The electromagnetic stirrer is exposed to the strand's heat radiation and can interfere with the water spraying of the strand.
It has been proposed to encase the stirrer by a water-cooled hollow-walled shell having a front wall facing the strand and provided with spray discharge nozzles fed with the cooling water in the shell which is itself supplied with pressurized cooling water. This front wall is spaced somewhat from the strand.
The assembly of the stirrer and shell comprise a unit which is expensive to make to order. The manufacturer cannot resort to quantity production because of the uncertainty concerning the installation for which the unit will be used and which in different instances may involve straight strand guiding or curved strand guiding possibly with differing radii of curvature.
The above represents a problem which the present invention is intended to solve.
This solution is provided by a flat face plate provided with the array of nozzles and removably fastened and separable from the shell's front wall, via a flat frame forming a flat manifold space between the back of the face plate and the front wall and connecting with the shell's interior for a water supply.
Only this face plate need be made to order and its manufacture is relatively inexpensive.

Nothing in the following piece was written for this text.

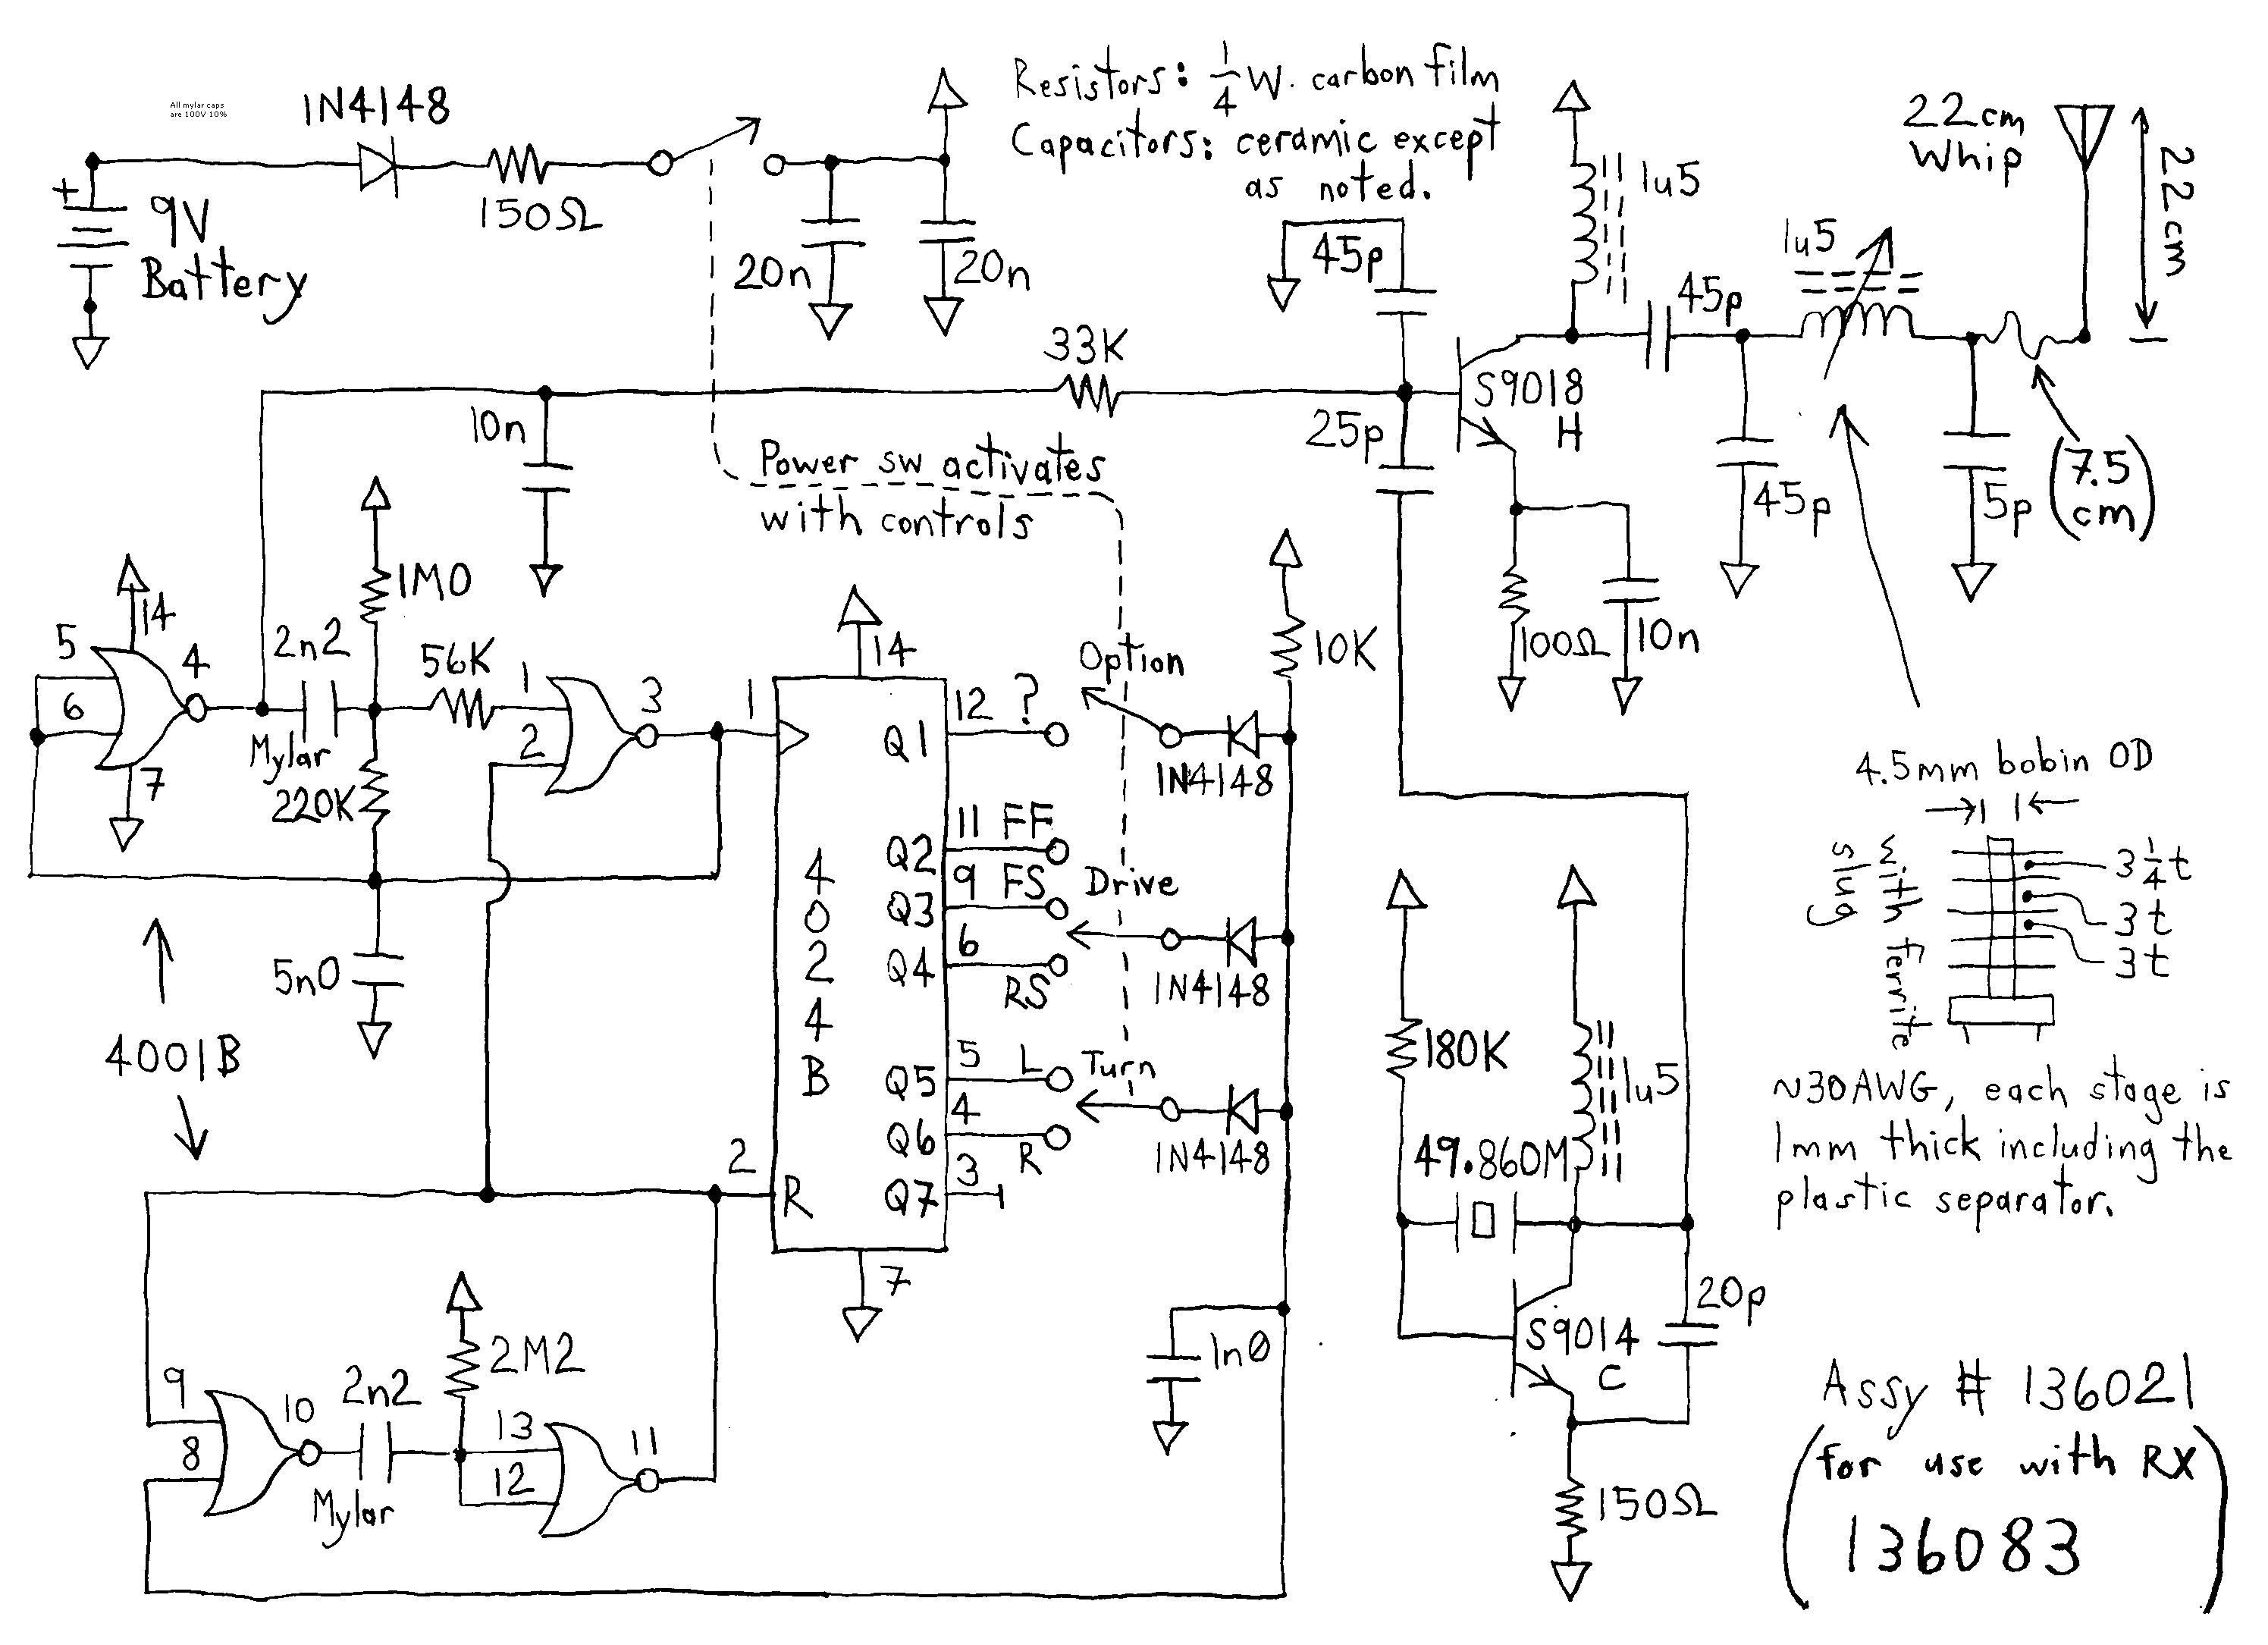 wiring diagram rc 100 automotive block diagram u2022 rh carwiringdiagram today Small Boat Wiring Guide Outboard Boat Wiring Diagram
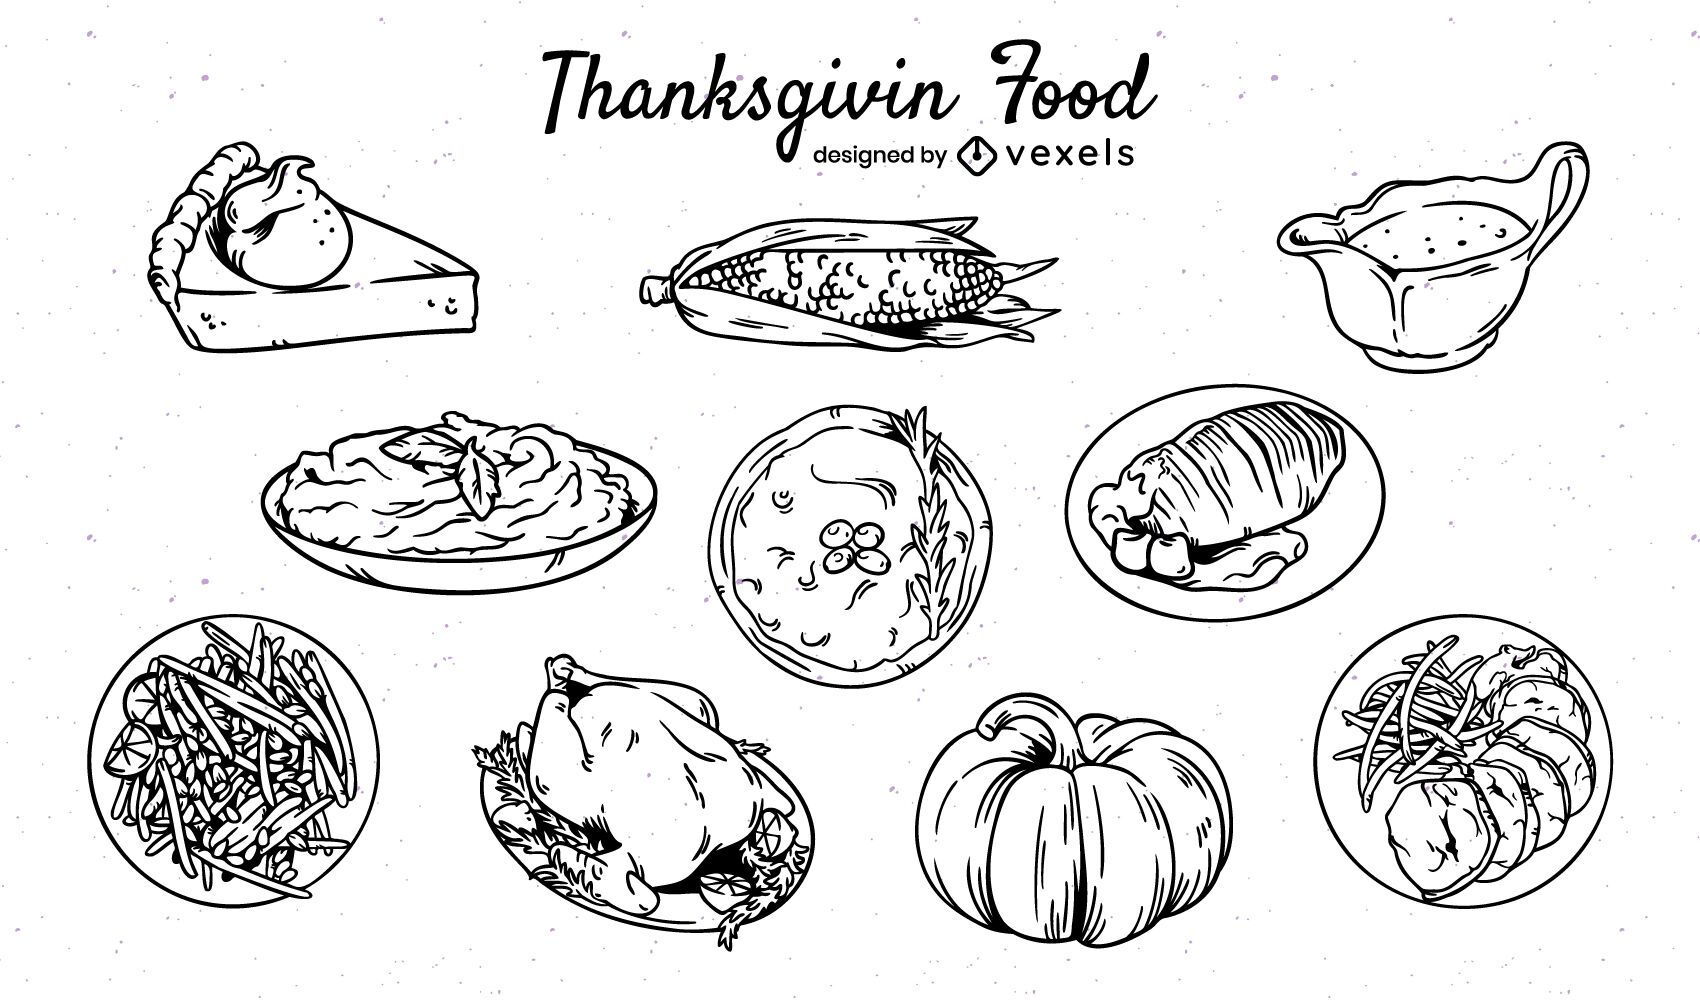 Dibujado a mano comida de acción de gracias

Quantity production of the shell-encased electromagnetic stirrers is made possible with the consequent reduction of manufacturing costs.
Stirrers that have been in service and designed for one continuous casting installation can be converted by application of a new face plate for use in another installation where the strand travel contour is different. In each instance only the face plate need be designed with the nozzle array pattern required.
The face plate provides at least some protection for the stirrer shell in the event of a strand skin break-out. Replacement of the face plate is relatively inexpensive.
The invention is disclosed in more detail by the accompanying drawings and the following description:
The drawings are entirely schematic but serve adequately to disclose the details of this invention, the various figures being as follows:
FIG. 1 is a side elevation view and is intended only to show the locations of the various parts of a continuous casting apparatus of the type referred to;
FIG. 2 is a cross section view showing the shell and its removable and replaceable face plate carrying the nozzles;
FIG. 3 is a front view of one face plate having an array of nozzles patterned to accommodate a curved strand; and
FIG. 4 is a front view of another of the face plates, in this case with the nozzle's pattern for use with a straight strand.
FIG. 1 shows the tun dish 1 in which the molten steel is cast and which feeds the continuous casting mold 2, below which an electromagnetic stirrer 3 is roughly indicated, opposite to which is a water-cooled pressure plate 4, the strand 5 being guided by a roller series of which one pair 5a is shown.
An electromagnetic stirrer protected by a water-cooled shell can have the front wall of the shell spring pressed directly against the strand as illustrated by FIG. 1, but this subjects the front wall to direct frictional contact with the strand and interferes with the spray cooling of the strand.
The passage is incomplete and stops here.